Example: For a sphere, \(z = \sqrt{1 - (x^2+y^2)}= f(x,y)\), \(K=1\).

To approximate \(K\), we compute a centered finite difference approximation to the first derivatives

\[ \begin{equation} \begin{gathered} f_x\approx \frac{f(x+h,y) - f(x-h,y)}{2h}\\[0.2cm] f_y\approx \frac{f(x,y+h) - f(x,y-h)}{2h}\\ \end{gathered} \end{equation} \]

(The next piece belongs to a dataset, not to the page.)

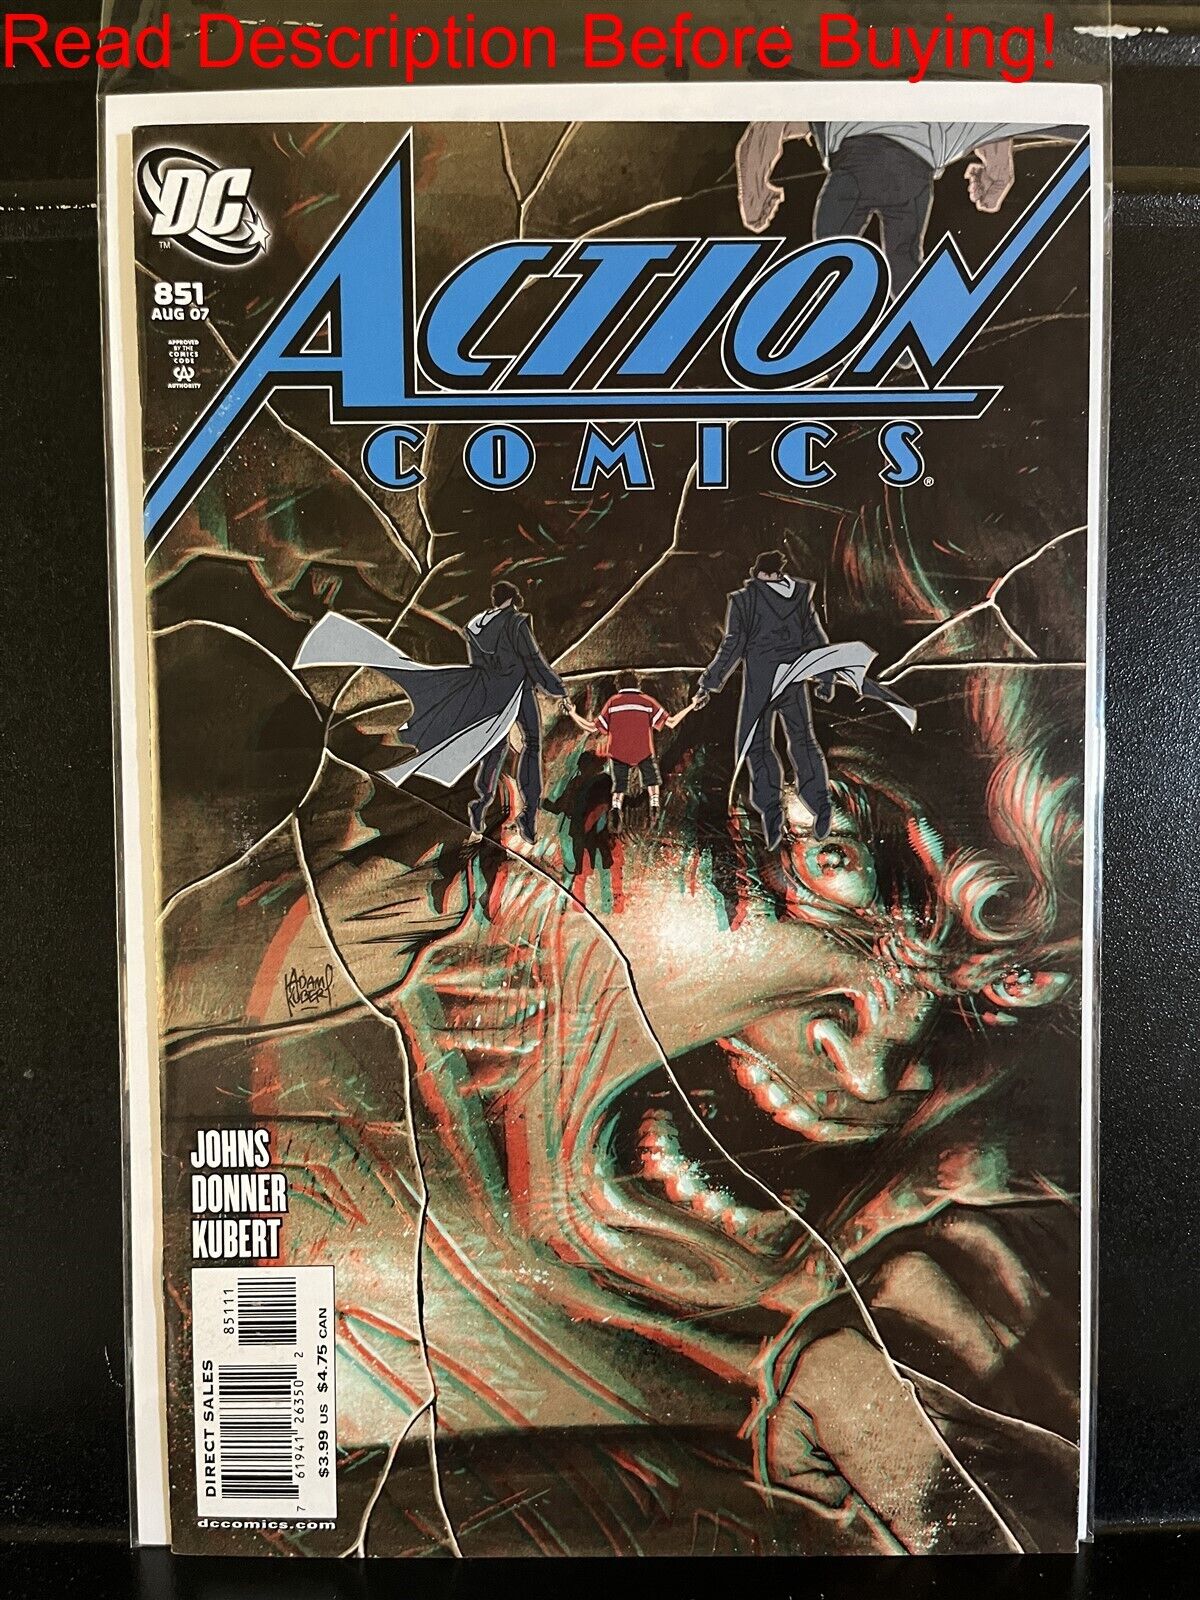 BARGAIN BOOKS ($5 MIN PURCHASE) Action Comics #851 (2007 DC) We Combine Shipping

and similarly for the second derivatives,

\[ \begin{equation} \begin{gathered} f_{xx} \approx \frac{f(x+h,y) -2f(x,y) + f(x-h,y)}{h^2}\\[0.2cm] f_{yy} \approx \frac{f(x,y+h) -2f(x,y) + f(x,y+h)}{h^2}\\[0.2cm] f_{xy} = f_{yx}\approx \frac{f(x+h,y+h) - f(x-h,y+h)- f(x+h,y-h) + f(x-h,y-h)}{4\Delta x\Delta y} \end{gathered} \end{equation} \]

The step size is taken to be \(h = 10^{-4}\).